殺戮都市~バベル~

全力ではない、牽制のようなパンチ。


だけど女には、その攻撃すらも強烈な物だったようで。


「ぐっ!?わわっ!!」


辛うじて、俺のパンチを武器で防御した女が、後方に弾き飛ばされた。


ゴロゴロと地面を転がったけれど、流れるような動きで起き上がり、女は武器を構える。


「たはー……やっぱ姉ちゃんを捕まえるだけの事はあるね。
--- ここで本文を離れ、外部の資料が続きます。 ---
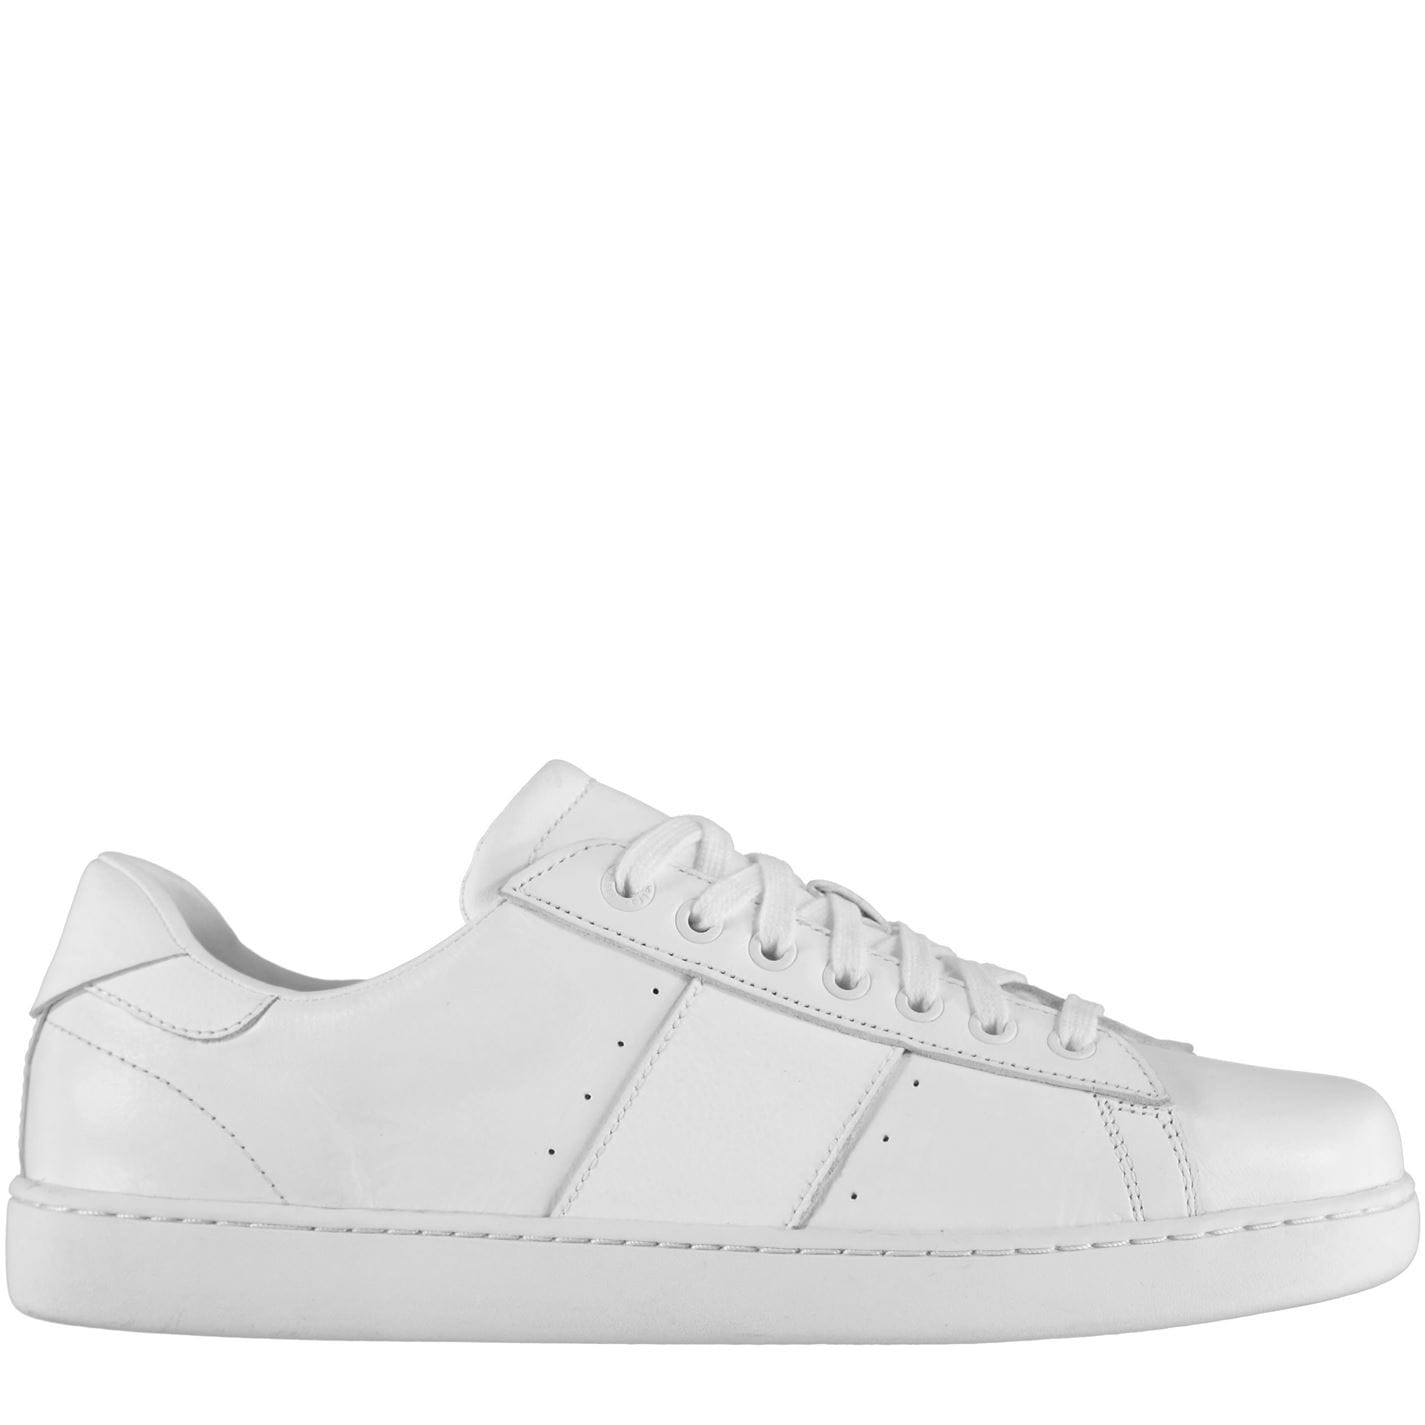 Zoom in theft Outlaw Firetrap Bouverie Ladies Trainers

それにしても、少年と戦った時よりずっと強くなってるじゃん」


そう言った女は、ゆっくりと弧を描くように俺の周りを動き始めた。


姉ちゃん?少年?


俺はこいつに出会った事がある。


勘違いでなければ……。


「お前は雨村吹雪か?待て……俺は敵じゃない!」


「そんなの信じられないっての!だったらなんで姉ちゃんが捕まってるのに助けようとしないのさ!」


手にした武器、チャクラムを投げ付けて、俺に怒鳴りつける。


「あれは作戦だ!雪子と二毛を囮にして、仲間と池上の居場所を特定する!雪子はお前を探していたぞ!殺されたか、捕まったかわからなかったからな!」


チャクラムを弾き、なるべく攻撃を仕掛けないように状況を話してみるけど……どうも納得出来ない様子だ。